12 config sections exist: storage (data directory), typedb (connection parameters), backend (typedb or jsonl), embedding (vector model and server), llm (language model for extraction/synthesis), extraction (two-phase pipeline settings), retrieval (vector search tuning), synthesis (RAG output control), governance (validation toggle), cache (TypeDB query cache), logging (verbosity control), and opencti (Enterprise only — OpenCTI platform URL, token, and sync interval).

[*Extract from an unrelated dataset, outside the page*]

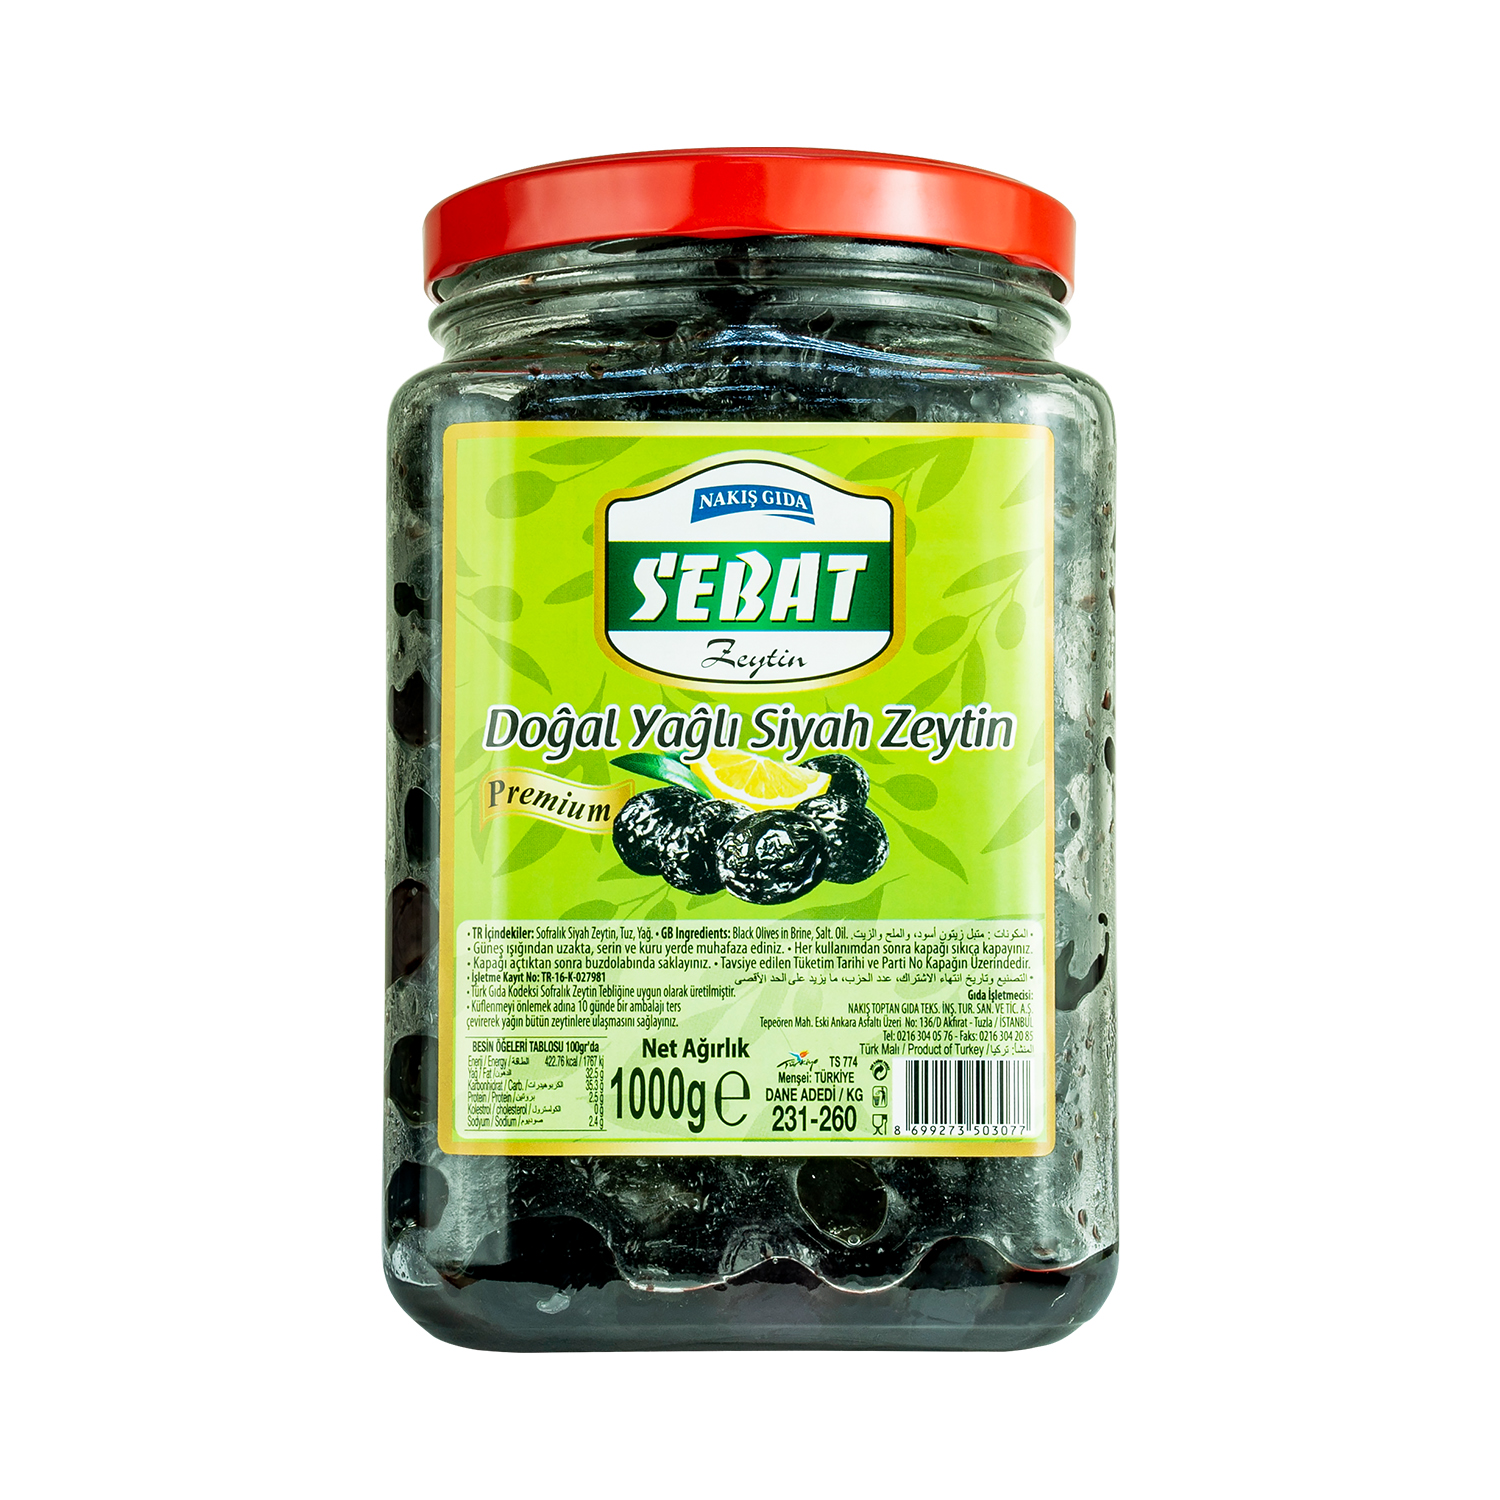 Sebat 231-260 Premium Yağlı Siyah Zeytin 1 KG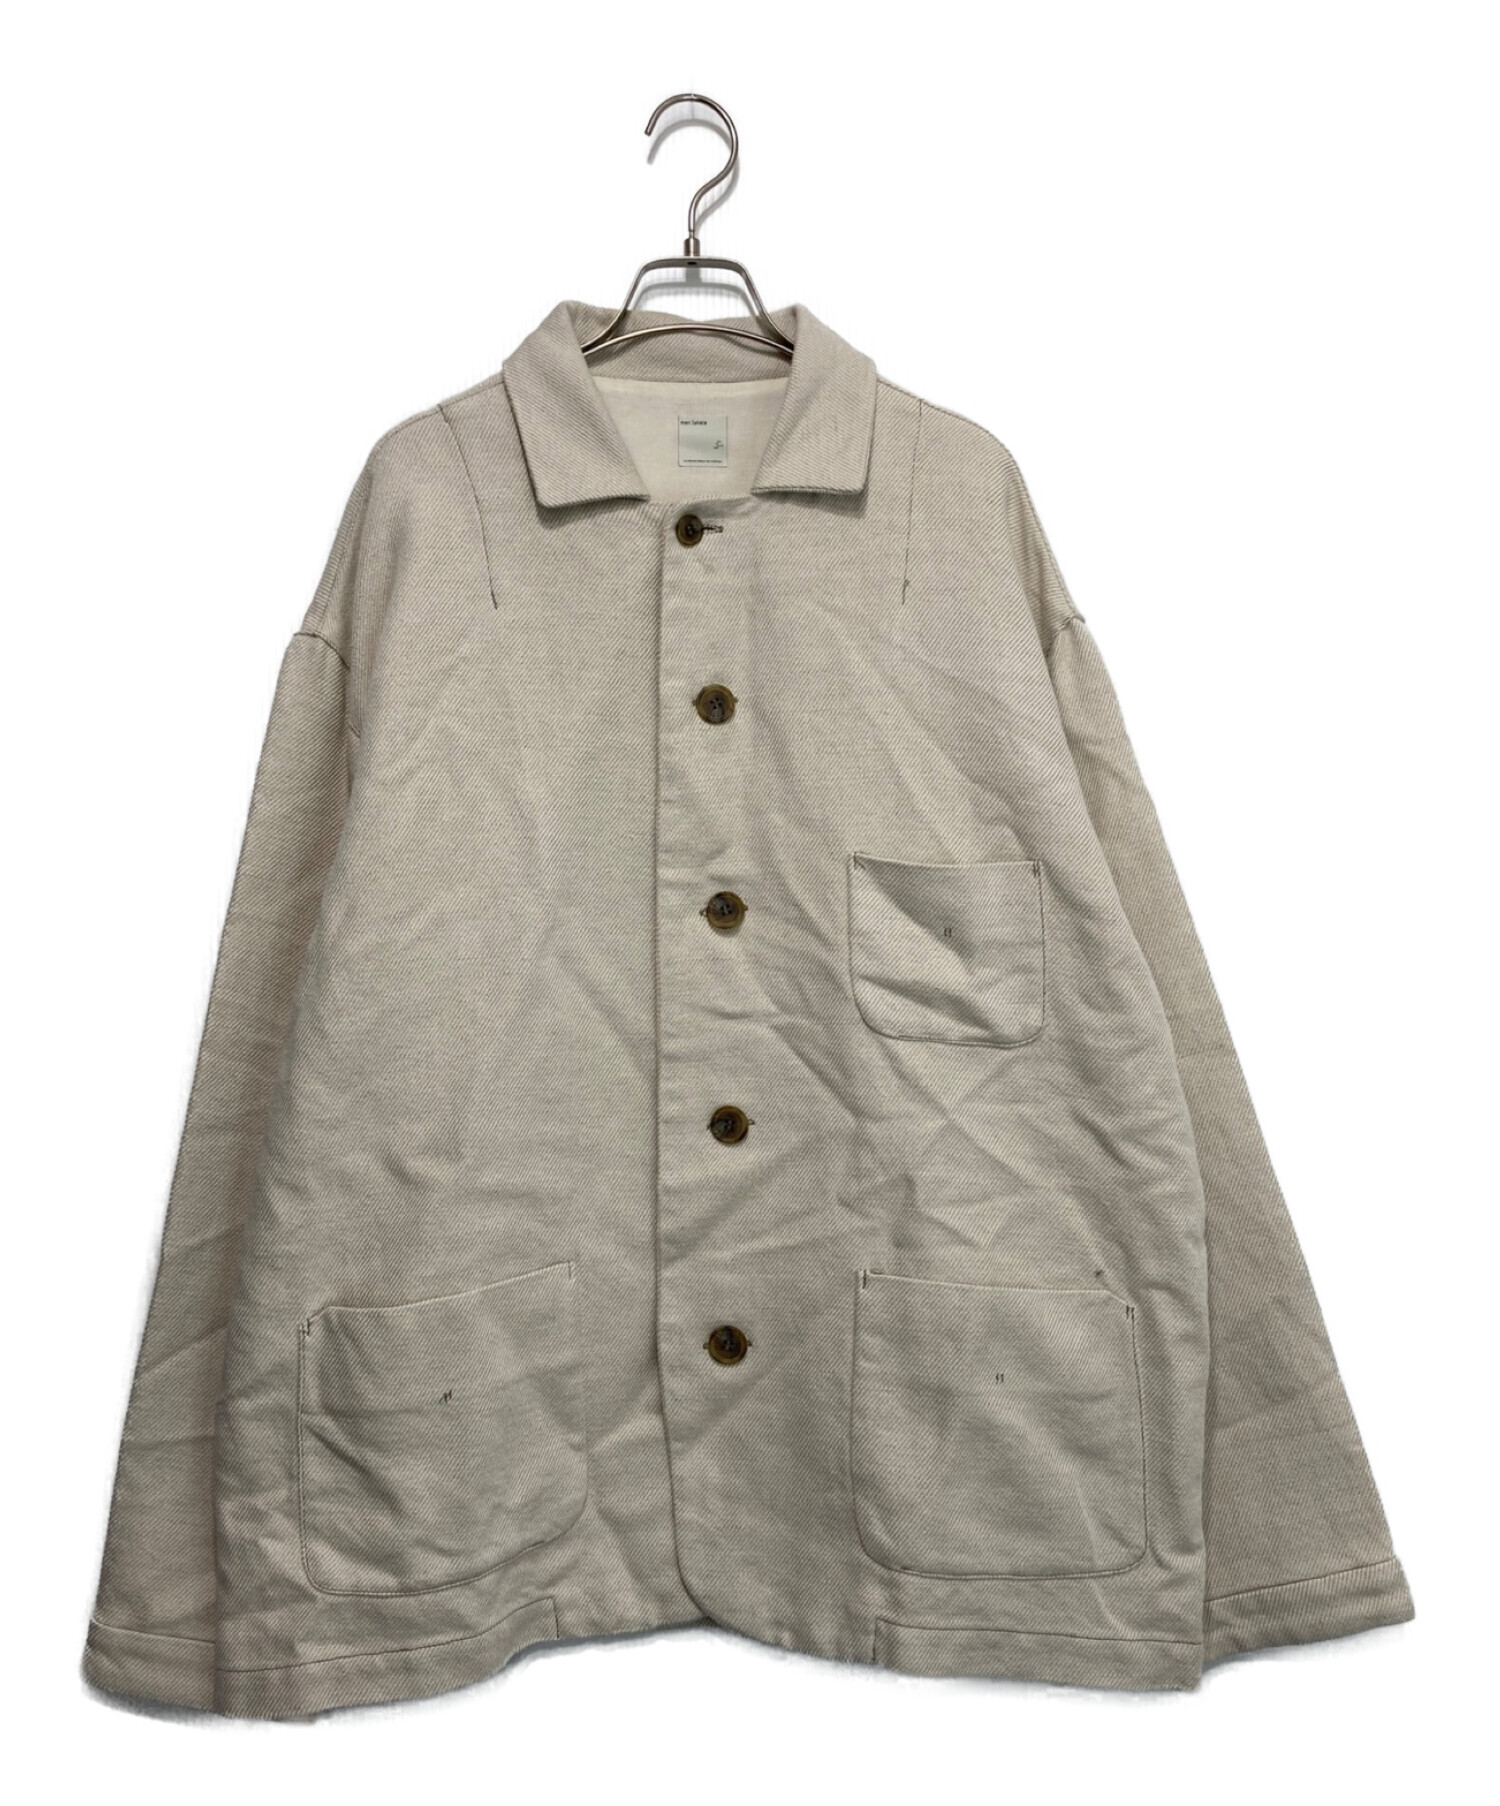 mon sakata (モンサカタ) ワークジャケット アイボリー サイズ:ケアタグ欠損の為不明

Key defaults: Data stored in ~/.amem. TypeDB on localhost:1729. Embedding via fastembed in-process with nomic-embed-text-v1.5-Q (768 dims, ONNX). LLM via llama-cpp-python in-process with Qwen2.5-3B-Instruct-Q4_K_M.gguf at temperature 0.1. Models download automatically on first use. Extraction produces up to 5 facts with importance >= 3. Retrieval returns 10 results with 0.25 similarity threshold and 2.5x entity boost. Synthesis uses direct_answer format with A+B tier notes and 3000 token context. Cache TTL is 300 seconds with 1024 max entries. Logging at INFO level.
For air-gapped deployments: Set backend: jsonl to avoid the TypeDB dependency entirely. With the default fastembed and local providers, the JSONL backend stores the knowledge graph as local files with no external services required at all. Pre-download models before going offline.